____ Input data

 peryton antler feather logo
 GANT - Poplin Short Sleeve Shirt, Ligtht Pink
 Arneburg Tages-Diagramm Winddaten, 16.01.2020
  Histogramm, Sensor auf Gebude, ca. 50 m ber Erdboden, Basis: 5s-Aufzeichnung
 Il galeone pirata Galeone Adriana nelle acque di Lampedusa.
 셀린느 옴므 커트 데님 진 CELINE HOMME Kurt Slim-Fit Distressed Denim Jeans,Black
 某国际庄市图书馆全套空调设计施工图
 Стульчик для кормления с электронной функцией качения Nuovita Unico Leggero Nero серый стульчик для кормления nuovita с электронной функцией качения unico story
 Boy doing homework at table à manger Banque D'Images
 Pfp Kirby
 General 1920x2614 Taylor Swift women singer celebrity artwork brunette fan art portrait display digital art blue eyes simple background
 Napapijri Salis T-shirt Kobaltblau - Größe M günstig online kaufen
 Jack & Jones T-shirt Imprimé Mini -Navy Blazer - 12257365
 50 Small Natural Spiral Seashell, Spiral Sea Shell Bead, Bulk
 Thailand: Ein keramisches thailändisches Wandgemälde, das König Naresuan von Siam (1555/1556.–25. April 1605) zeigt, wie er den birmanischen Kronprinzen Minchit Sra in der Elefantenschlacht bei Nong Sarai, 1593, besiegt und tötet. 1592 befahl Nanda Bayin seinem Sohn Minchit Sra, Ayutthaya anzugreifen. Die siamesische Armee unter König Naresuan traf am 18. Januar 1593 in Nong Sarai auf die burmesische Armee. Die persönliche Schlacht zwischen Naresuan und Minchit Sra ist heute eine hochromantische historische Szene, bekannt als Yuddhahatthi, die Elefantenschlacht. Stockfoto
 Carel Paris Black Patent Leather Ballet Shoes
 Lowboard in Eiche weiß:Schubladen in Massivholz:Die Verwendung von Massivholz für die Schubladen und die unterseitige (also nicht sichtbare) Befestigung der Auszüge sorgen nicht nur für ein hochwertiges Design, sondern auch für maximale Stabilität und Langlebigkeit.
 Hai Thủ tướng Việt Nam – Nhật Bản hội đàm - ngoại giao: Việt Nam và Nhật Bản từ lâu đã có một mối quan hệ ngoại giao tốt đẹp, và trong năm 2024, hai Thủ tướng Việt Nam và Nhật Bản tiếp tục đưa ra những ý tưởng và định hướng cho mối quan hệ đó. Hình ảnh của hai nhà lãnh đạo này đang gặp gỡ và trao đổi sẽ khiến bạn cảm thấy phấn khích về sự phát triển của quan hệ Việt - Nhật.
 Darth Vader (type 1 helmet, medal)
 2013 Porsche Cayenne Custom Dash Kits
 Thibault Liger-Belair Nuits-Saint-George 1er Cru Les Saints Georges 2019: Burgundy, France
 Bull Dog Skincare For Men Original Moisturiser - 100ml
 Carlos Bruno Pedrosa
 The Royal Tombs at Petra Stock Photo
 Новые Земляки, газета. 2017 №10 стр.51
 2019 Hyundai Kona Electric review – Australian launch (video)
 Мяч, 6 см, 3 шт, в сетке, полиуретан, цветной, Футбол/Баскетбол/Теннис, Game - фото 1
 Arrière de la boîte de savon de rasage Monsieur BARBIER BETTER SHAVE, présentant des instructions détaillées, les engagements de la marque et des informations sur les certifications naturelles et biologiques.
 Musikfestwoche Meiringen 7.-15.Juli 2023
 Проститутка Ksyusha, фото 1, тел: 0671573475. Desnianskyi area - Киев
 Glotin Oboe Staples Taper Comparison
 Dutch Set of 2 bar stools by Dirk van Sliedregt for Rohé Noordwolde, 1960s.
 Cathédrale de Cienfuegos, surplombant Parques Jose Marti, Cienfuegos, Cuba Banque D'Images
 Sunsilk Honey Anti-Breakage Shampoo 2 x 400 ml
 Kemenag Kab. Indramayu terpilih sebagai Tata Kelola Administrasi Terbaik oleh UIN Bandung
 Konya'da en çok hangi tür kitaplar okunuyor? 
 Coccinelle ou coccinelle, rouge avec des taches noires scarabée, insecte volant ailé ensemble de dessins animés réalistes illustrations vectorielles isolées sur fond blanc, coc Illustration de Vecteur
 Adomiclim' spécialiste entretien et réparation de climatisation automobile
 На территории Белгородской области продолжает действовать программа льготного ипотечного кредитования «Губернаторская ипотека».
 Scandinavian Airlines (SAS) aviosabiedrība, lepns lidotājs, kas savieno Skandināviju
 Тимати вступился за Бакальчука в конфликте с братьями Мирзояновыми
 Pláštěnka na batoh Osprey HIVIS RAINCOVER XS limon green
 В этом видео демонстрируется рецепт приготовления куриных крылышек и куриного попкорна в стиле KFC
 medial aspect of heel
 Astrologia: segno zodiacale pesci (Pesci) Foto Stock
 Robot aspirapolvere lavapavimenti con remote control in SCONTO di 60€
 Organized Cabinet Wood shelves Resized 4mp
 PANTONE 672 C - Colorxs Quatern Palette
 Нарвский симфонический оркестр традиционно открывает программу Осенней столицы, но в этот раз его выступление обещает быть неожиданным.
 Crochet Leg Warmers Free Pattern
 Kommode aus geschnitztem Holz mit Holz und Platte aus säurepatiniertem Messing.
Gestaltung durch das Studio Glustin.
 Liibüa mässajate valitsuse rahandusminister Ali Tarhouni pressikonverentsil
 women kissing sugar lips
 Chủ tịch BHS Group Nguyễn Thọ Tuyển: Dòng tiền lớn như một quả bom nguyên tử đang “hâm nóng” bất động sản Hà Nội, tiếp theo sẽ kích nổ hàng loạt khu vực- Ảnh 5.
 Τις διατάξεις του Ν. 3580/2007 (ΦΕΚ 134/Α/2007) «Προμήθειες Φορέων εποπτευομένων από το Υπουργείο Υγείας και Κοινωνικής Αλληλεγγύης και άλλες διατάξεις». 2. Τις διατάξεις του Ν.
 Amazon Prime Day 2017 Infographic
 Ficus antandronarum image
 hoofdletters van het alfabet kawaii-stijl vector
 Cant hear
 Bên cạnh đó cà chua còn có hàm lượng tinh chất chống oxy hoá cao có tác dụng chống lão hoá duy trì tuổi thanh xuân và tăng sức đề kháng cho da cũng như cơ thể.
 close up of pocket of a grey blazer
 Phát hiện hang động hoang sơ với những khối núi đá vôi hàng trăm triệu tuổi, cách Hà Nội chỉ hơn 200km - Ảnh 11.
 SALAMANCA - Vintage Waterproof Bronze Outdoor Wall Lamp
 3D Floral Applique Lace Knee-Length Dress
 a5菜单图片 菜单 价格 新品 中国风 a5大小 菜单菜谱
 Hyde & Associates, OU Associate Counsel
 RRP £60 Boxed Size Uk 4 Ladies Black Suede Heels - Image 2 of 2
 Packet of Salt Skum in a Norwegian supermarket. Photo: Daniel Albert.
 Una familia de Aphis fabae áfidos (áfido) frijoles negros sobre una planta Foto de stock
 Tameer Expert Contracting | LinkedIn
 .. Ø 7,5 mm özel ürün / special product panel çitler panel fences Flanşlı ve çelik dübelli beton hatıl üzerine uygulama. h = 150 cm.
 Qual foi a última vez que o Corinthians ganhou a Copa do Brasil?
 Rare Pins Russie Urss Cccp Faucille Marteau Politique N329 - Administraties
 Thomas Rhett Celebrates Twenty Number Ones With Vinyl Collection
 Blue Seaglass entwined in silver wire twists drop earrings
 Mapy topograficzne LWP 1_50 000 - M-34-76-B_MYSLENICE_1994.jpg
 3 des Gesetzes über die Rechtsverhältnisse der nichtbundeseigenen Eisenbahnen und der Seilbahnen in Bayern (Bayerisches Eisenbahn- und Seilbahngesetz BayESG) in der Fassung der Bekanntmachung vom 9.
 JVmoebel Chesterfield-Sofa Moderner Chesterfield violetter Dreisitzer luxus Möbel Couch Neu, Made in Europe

________

_Task directions:_ Please show each line in the records above that contains "đang".

_Worked solution:_
 Hai Thủ tướng Việt Nam – Nhật Bản hội đàm - ngoại giao: Việt Nam và Nhật Bản từ lâu đã có một mối quan hệ ngoại giao tốt đẹp, và trong năm 2024, hai Thủ tướng Việt Nam và Nhật Bản tiếp tục đưa ra những ý tưởng và định hướng cho mối quan hệ đó. Hình ảnh của hai nhà lãnh đạo này đang gặp gỡ và trao đổi sẽ khiến bạn cảm thấy phấn khích về sự phát triển của quan hệ Việt - Nhật.
 Chủ tịch BHS Group Nguyễn Thọ Tuyển: Dòng tiền lớn như một quả bom nguyên tử đang “hâm nóng” bất động sản Hà Nội, tiếp theo sẽ kích nổ hàng loạt khu vực- Ảnh 5.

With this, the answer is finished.